◆ Stored data

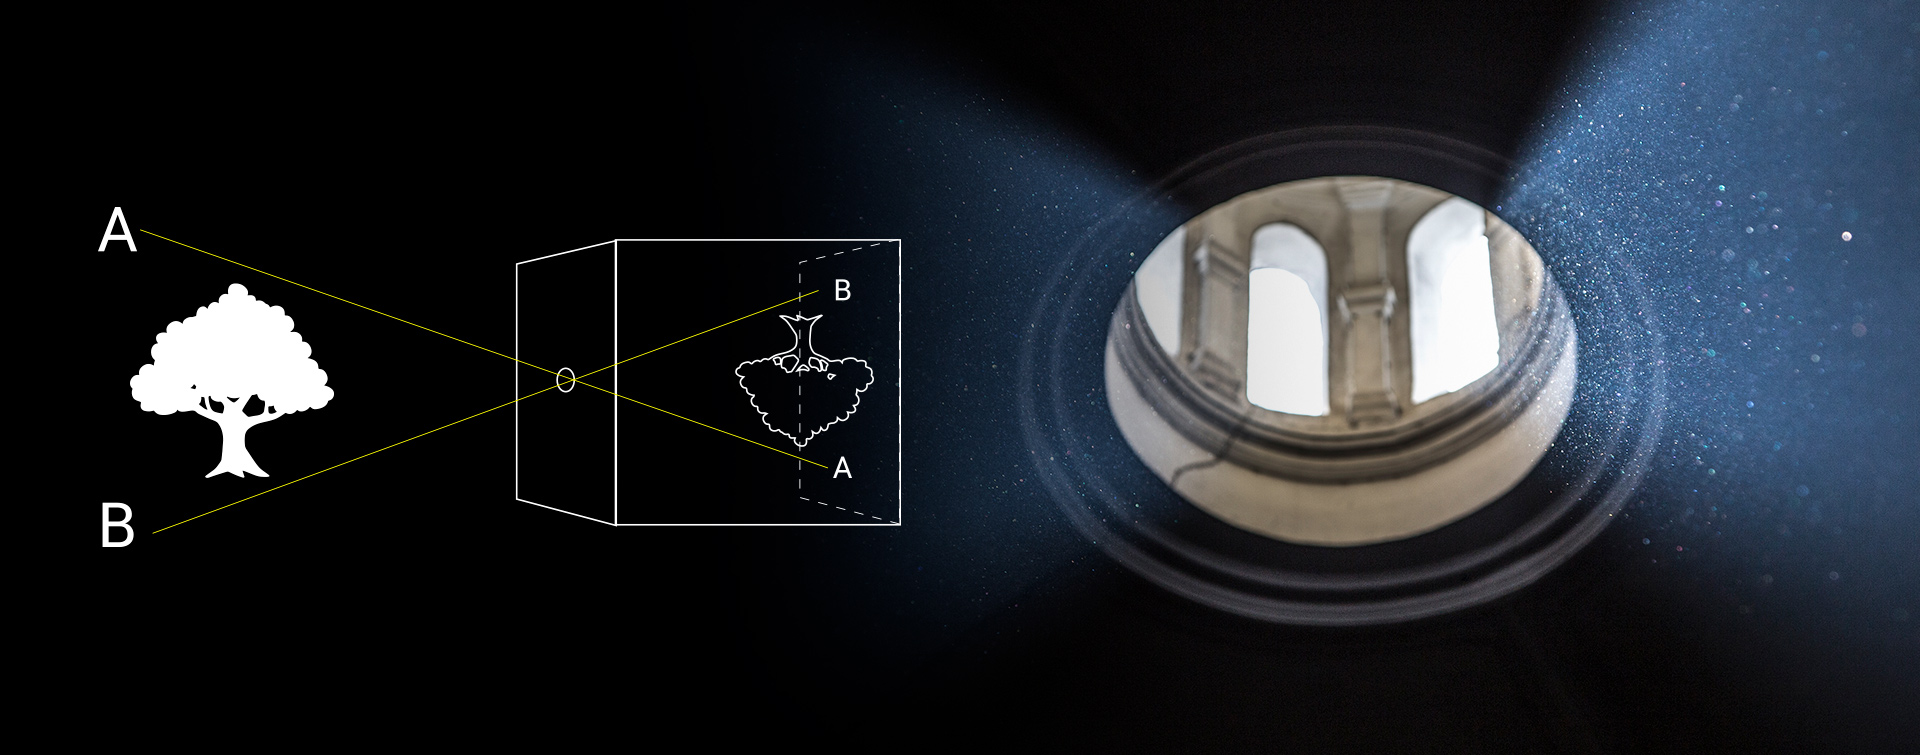 diagrama que muestra el funcionamiento de la cámara oscura, la luz atraviesa un agujero y el exterior se proyecta de forma invertida en la pared contraria.
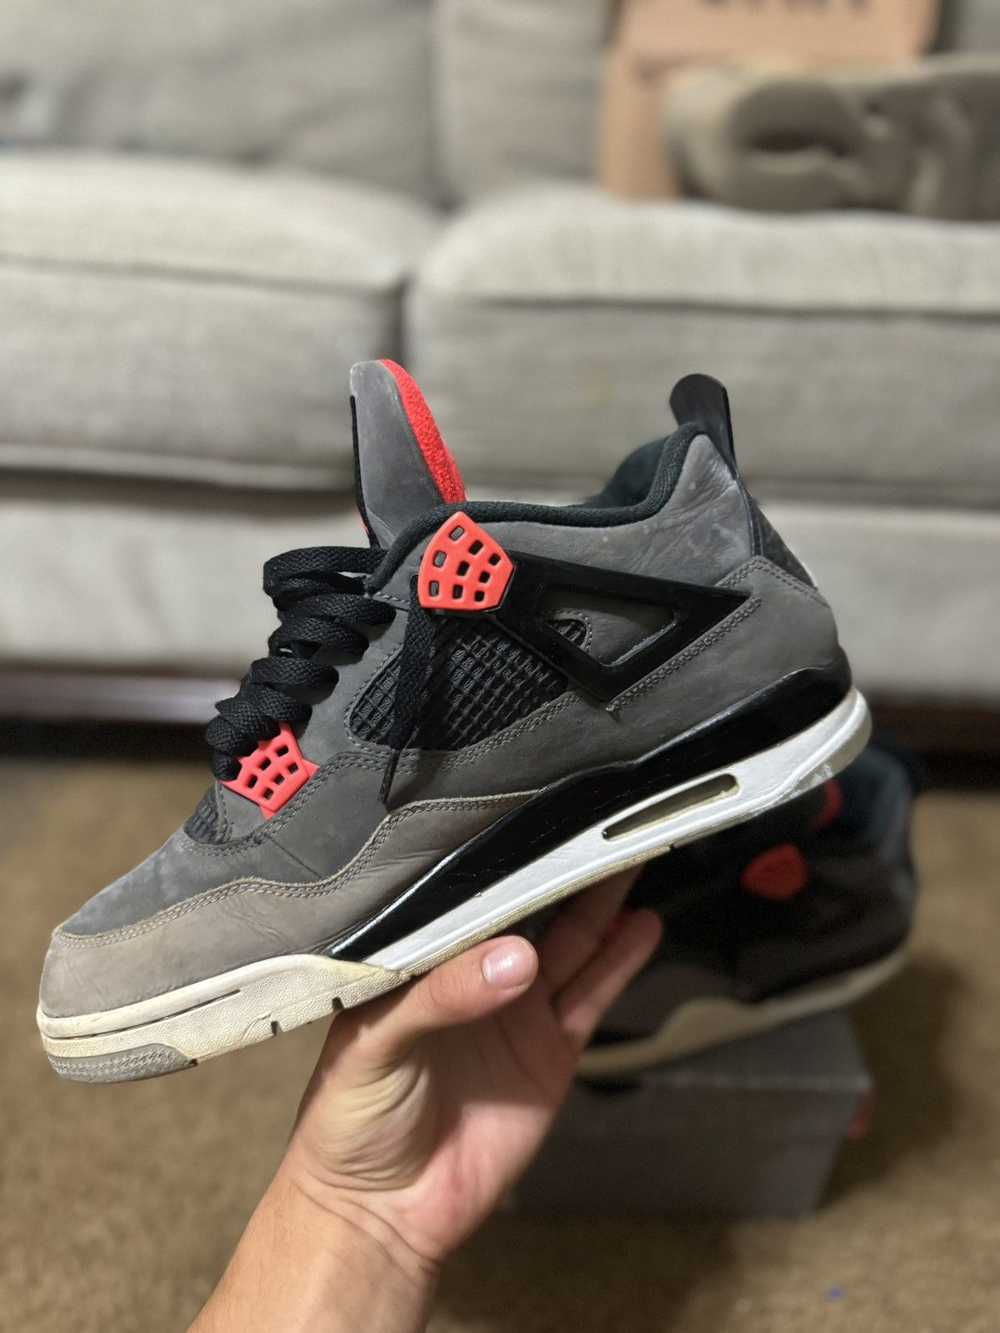 Jordan Brand × Nike × Sneakers Jordan 4 “Infrared” - image 7
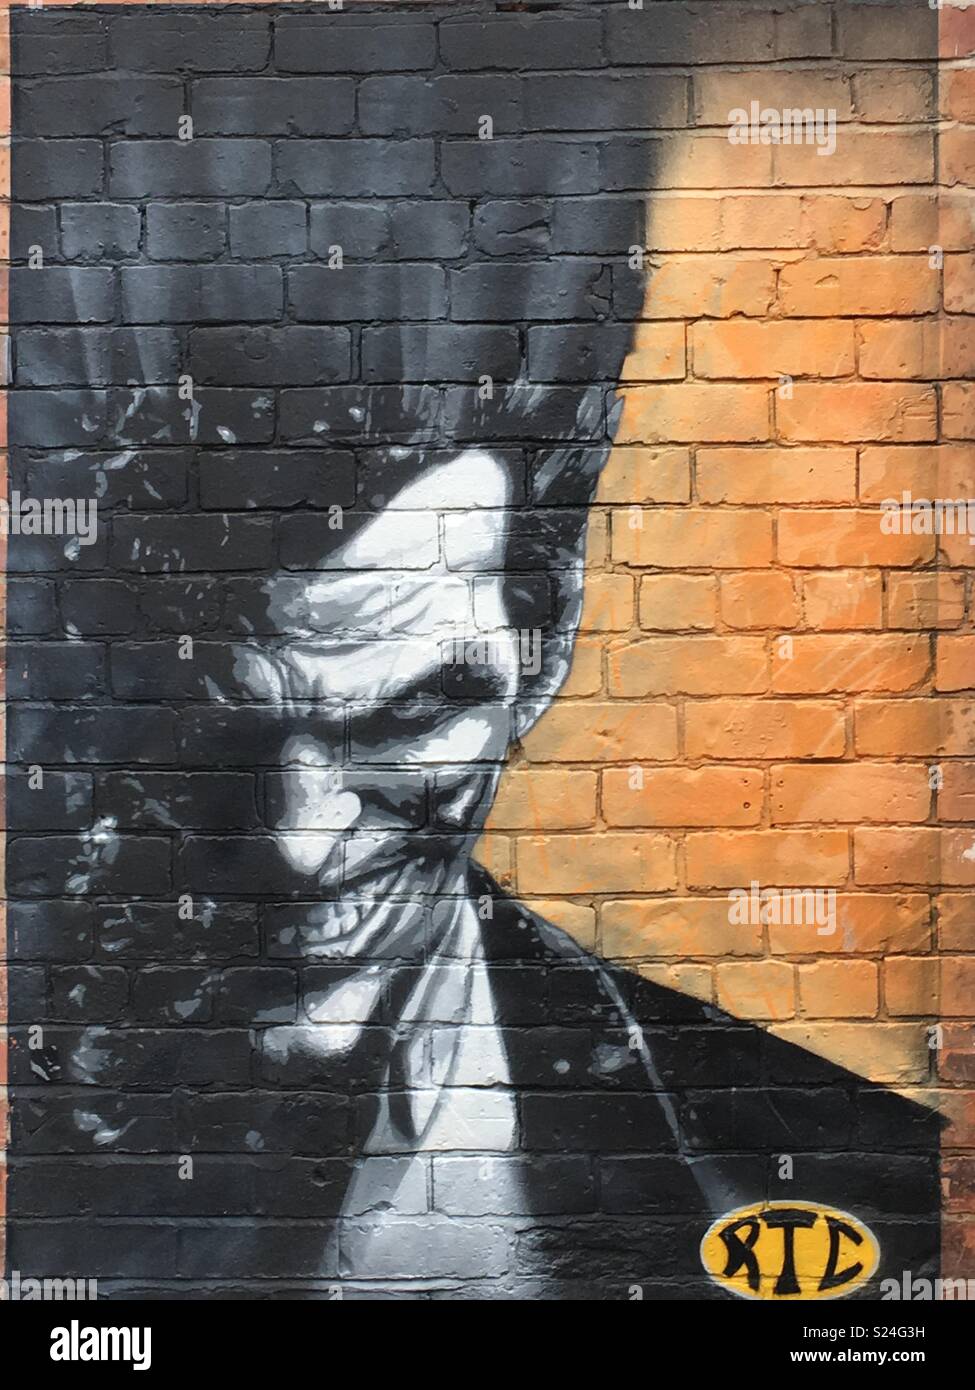 Joker Batman Pixel Art – BRIK
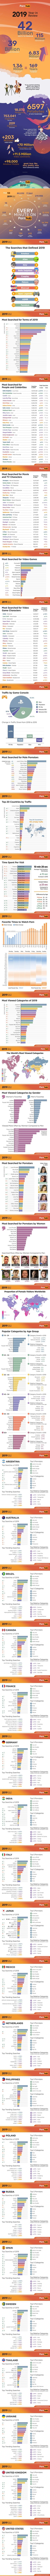 Les statistiques PornHub de 2019

◆ Activity
"Jordan Brand ×" marks the first line to be returned; return exactly that line and every line after it through the last line of the listing, omitting pictures.

◆ Response
 Jordan Brand × Nike × Sneakers Jordan 4 “Infrared” - image 7
 Joker Batman Pixel Art – BRIK
 Les statistiques PornHub de 2019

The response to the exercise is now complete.